Having critical conversations about open education isn’t just possible, it is essential. These are the conversations that resonate and that we need to feed into future planning. They ask tough questions. They don’t confuse inclusion with both-siderism. They bring us together and help keep us in check.
Of course the Open Education conference is just an open education conference and it certainly isn’t the only place to have these conversations. Regional events such as the Northeast OER Summit, the Cascadia Open Education Summit, Wisconsin’s E-ffordability Summit, the Statewide Colorado OER conference and others are wonderful options. Further afield, the OER conference and the Open Education Global conference are both events that welcome critical conversations. As do other events like Digital Pedagogy Lab and the many virtual conference hallway conversations facilitated by Virtually Connecting.

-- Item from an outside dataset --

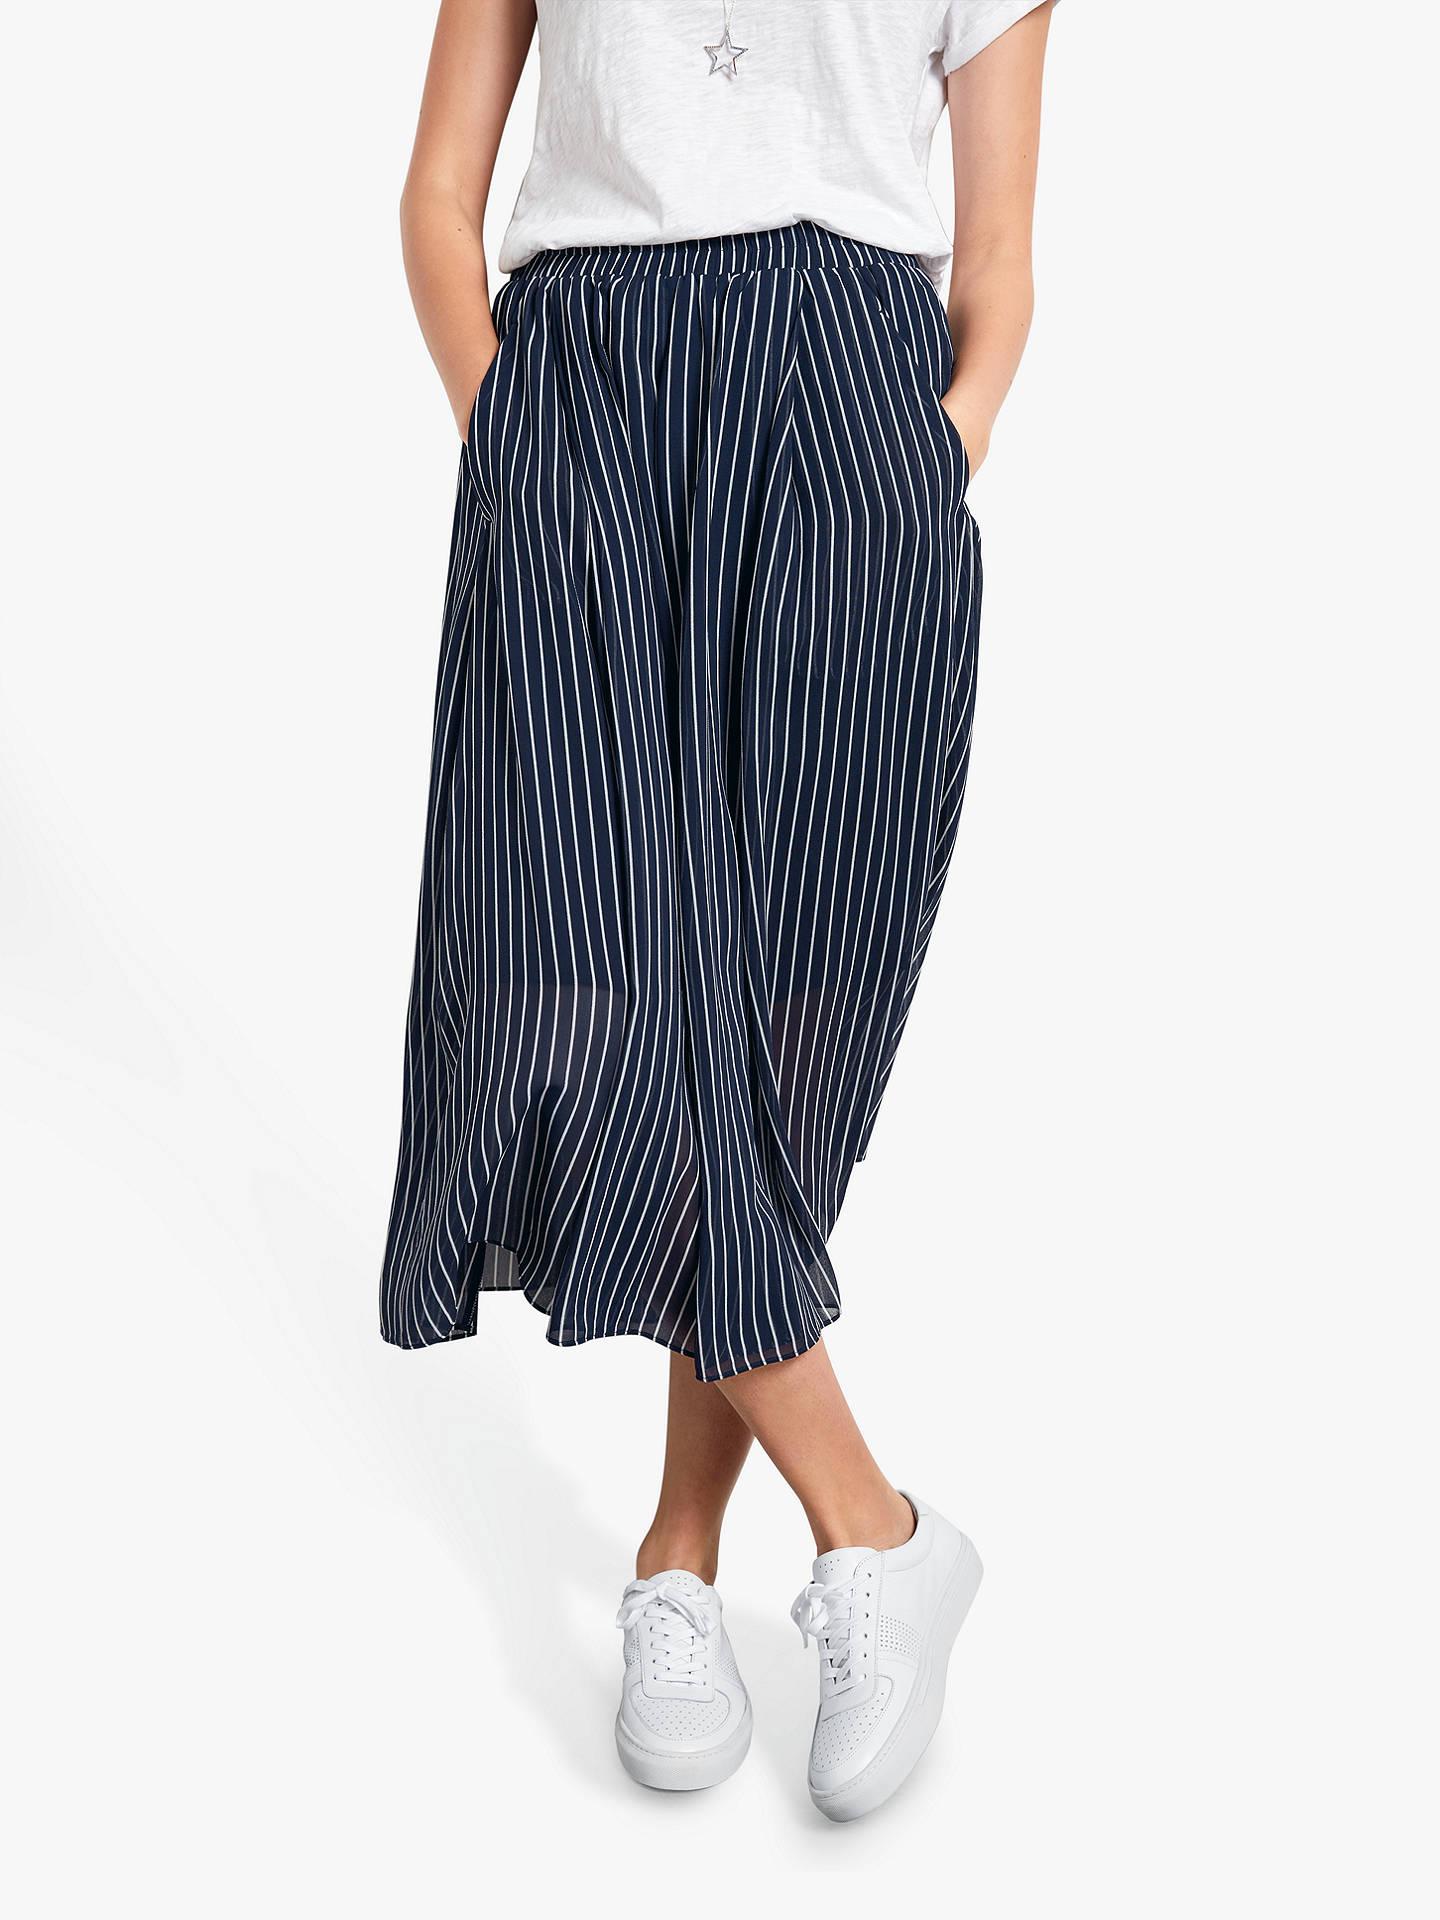 291b3fab8 Buy hush Marina Stripe Midi Skirt, Midnight Blue/White, 8 Online at  johnlewis ...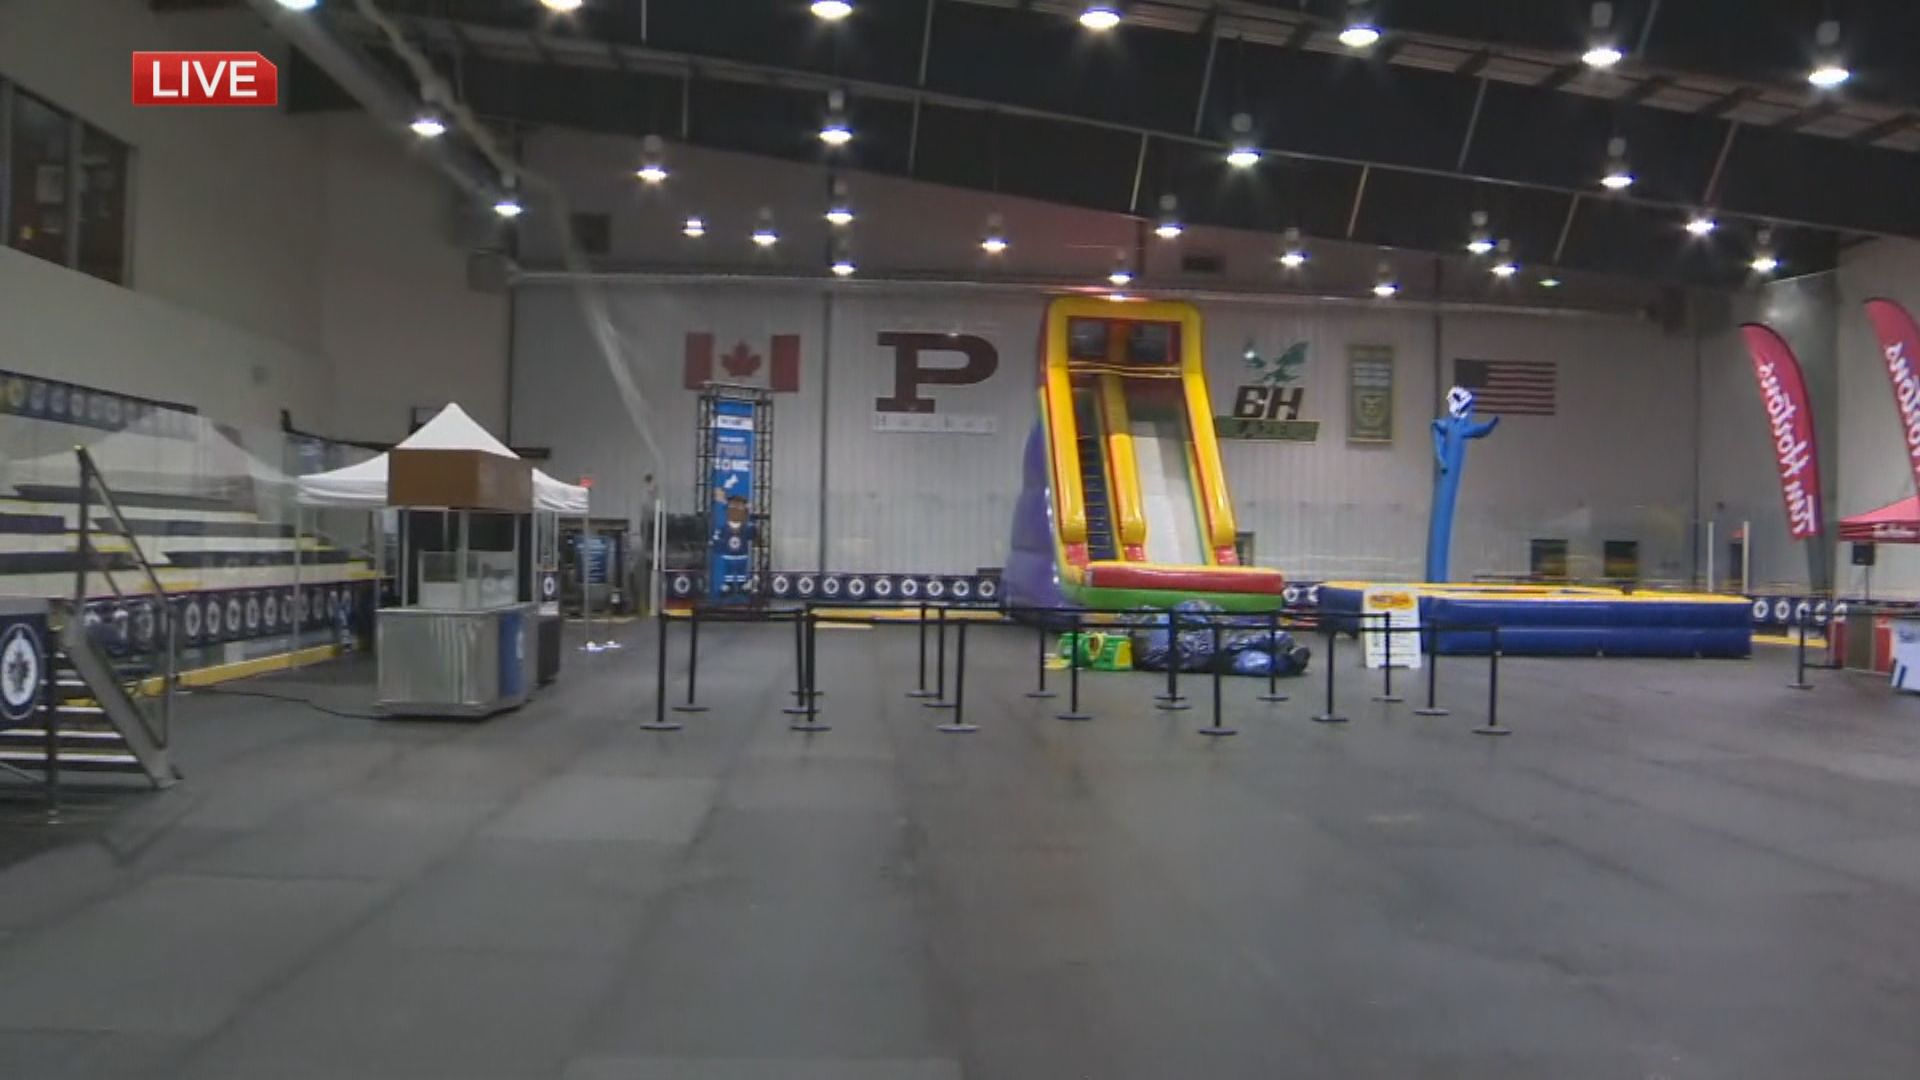 Manitoba Moose milestone at Jets Fan Fest

So let me leave you with three thoughts:
1. If you disagree with concerns that have been raised by the community, please try to refrain from the straw man argument that criticisms like those that are being made of the planned keynote panel at Open Ed 19 are made by those who are opposed to any and all commercial activity in open education. This is an inaccurate and intellectually lazy take.
2. If you have concerns, don’t be fearful of making legitimate and respectful critiques just because the people associated with the activity are kind and generous (because I assure you that the open education community is home to some of the kindest and most generous people you will ever meet).
3. And finally, if you are in a position of power please don’t engage in tone policing, especially with those from marginalized or under-represented groups. As the open education movement seeks to serve those on the margins, we would do well not to weaponize concepts such as civility in order to suppress dissent.
The open education movement is maturing and growing ever more diverse. I firmly believe that a critical open education movement is a much stronger open education movement. I hope you do too.